- Born: 26 January 1929 Paris, France
- Died: 16 March 2020 (aged 91)
- Occupations: Political activist Journalist

= François Hilsum =

French political activist (1929–2020)

François Hilsum (26 January 1929 – 16 March 2020) was a French political activist and journalist.

==Biography==
Hilsum came from a family of communist activists. His father, René Hilsum, was a bookseller, and his mother, Marcelle Grandjux, was a painter. His brother, Gérard, was part of Undersecretary of State for Coal Auguste Lecœur's cabinet. His grandmother was a revolutionary activist and his great-uncle served as Vice-President of the Second International.

Hilsum joined the French Resistance in 1943, and became a part of the French Communist Party in April 1945.

Hilsum became a member of the national office of the Union of French Republican Youth in 1953. He joined the Union of Communist Youth in 1956. He became national secretary of the Mouvement Jeunes Communistes de France in 1967.
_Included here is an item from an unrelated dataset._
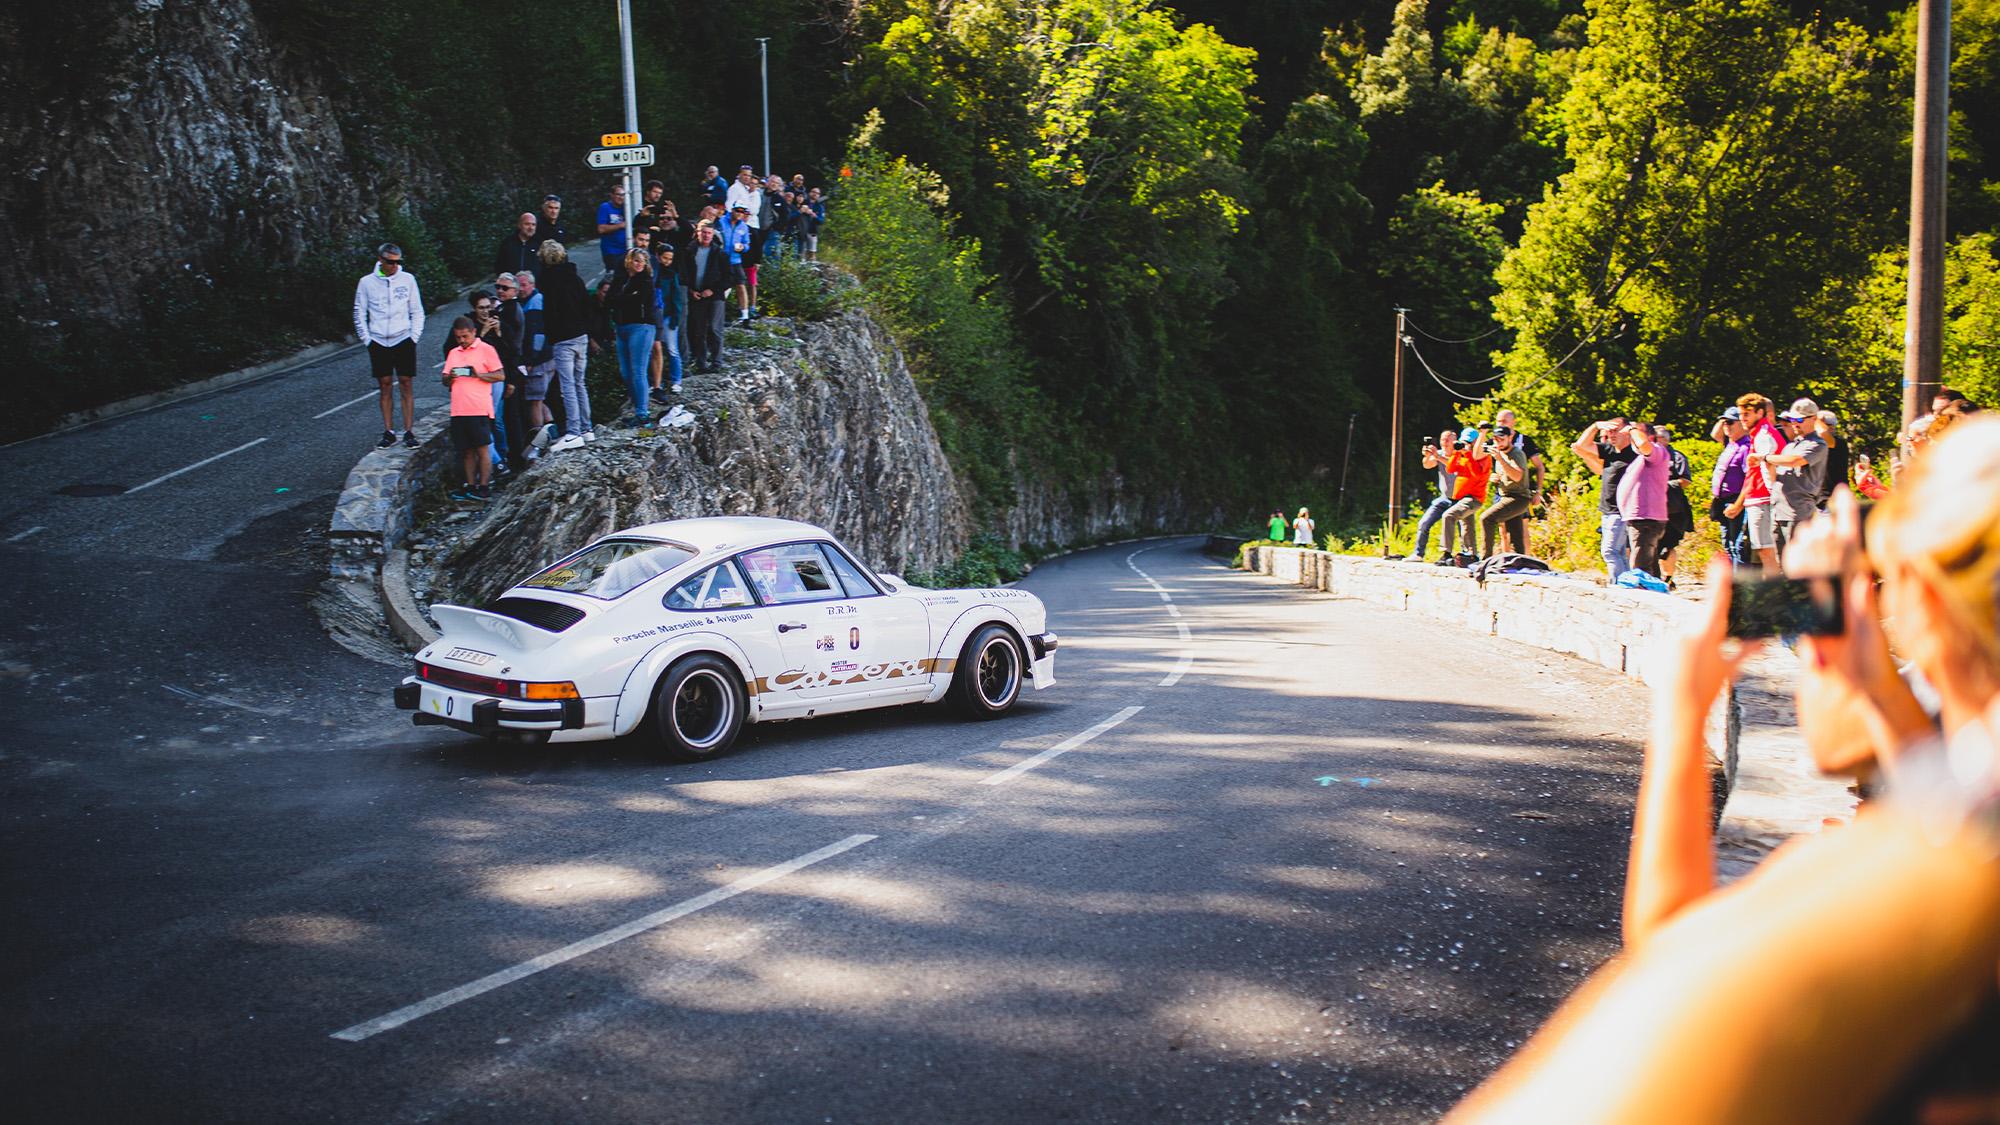 Porsche 911 SC of Bernard Beguin at hairpin

First a boilermaker, Hilsum was also a painter and film director. He was in charge of photography for the newspaper L'Humanité, of which he was deputy director from 1980 to 1989. He also served as editor-in-chief of L'Humanité Dimanche.

He served as General Councillor of the canton of Sartrouville from 1973 to 1985, and Vice-President of the General Council of Yvelines from 1975 to 1981.

Starting in 1992, Hilsum revived his youthful passion of journalism. From 13 to 24 July 2017, he exhibited his works at the Orangerie du Sénat in the Jardin du Luxembourg. He titled his display Arpenteur d'Imaginaires.

François Hilsum died on 16 March 2020 at the age of 91.